Insurance is a means of protection from financial loss. It
is a form of risk management, primarily used to hedge against the risk of a
contingent or uncertain loss.
An entity which provides insurance is known as an insurer,
insurance company, insurance carrier or underwriter. A person or entity who
buys insurance is known as an insured or as a policyholder. The insurance
transaction involves the insured assuming a guaranteed and known relatively
small loss in the form of payment to the insurer in exchange for the insurer's
promise to compensate the insured in the event of a covered loss. The loss may
or may not be financial, but it must be reducible to financial terms, and
usually involves something in which the insured has an insurable interest
established by ownership, possession, or pre-existing relationship.
The insured receives a contract, called the insurance
policy, which details the conditions and circumstances under which the insurer
will compensate the insured.

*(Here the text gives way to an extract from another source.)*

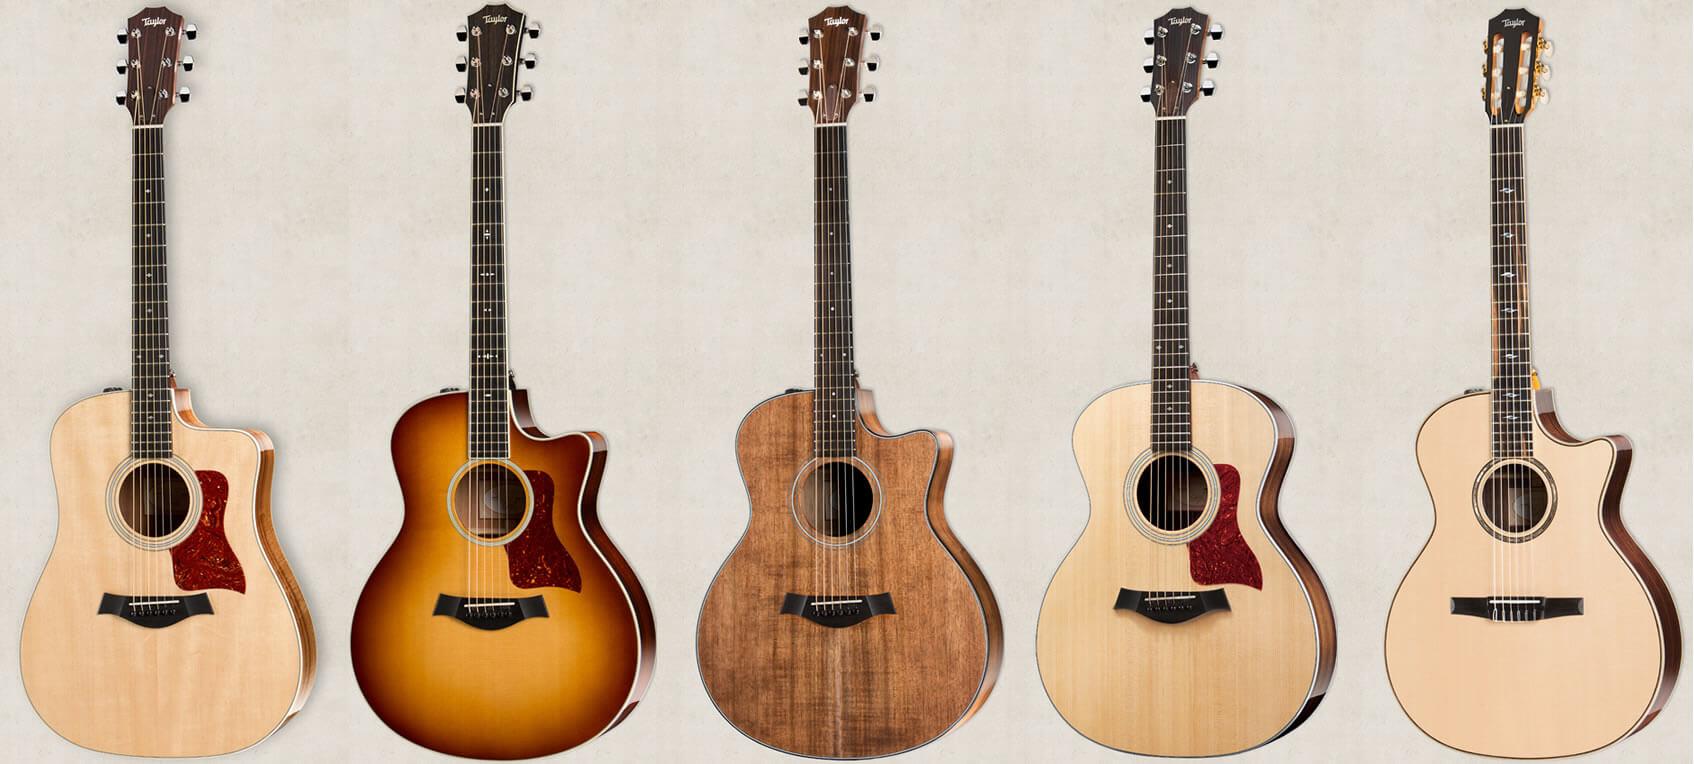 Taylor(テイラー)のアコースティックギター

The amount of money charged by the insurer to the
policyholder for the coverage set forth in the insurance policy is called the
premium. If the insured experiences a loss which is potentially covered by the
insurance policy, the insured submits a claim to the insurer for processing by
a claims adjuster. The insurer may hedge its own risk by taking out
reinsurance, whereby another insurance company agrees to carry some of the
risks, especially if the primary insurer deems the risk too large for it to
carry.
In ideal risk management, a prioritization process is
followed whereby the risks with the greatest loss (or impact) and the greatest
probability of occurring are handled first. Risks with lower probability of
occurrence and lower loss are handled in descending order. In practice the process
of assessing overall risk can be difficult, and balancing resources used to
mitigate between risks with a high probability of occurrence but lower loss,
versus a risk with high loss but lower probability of occurrence can often be
mishandled.
Intangible risk management identifies a new type of a risk
that has a 100% probability of occurring but is ignored by the organization due
to a lack of identification ability. For example, when deficient knowledge is
applied to a situation, a knowledge risk materializes. Relationship risk
appears when ineffective collaboration occurs. Process-engagement risk may be
an issue when ineffective operational procedures are applied. These risks
directly reduce the productivity of knowledge workers, decrease cost-effectiveness,
profitability, service, quality, reputation, brand value, and earnings quality.
Intangible risk management allows risk management to create immediate value
from the identification and reduction of risks that reduce productivity.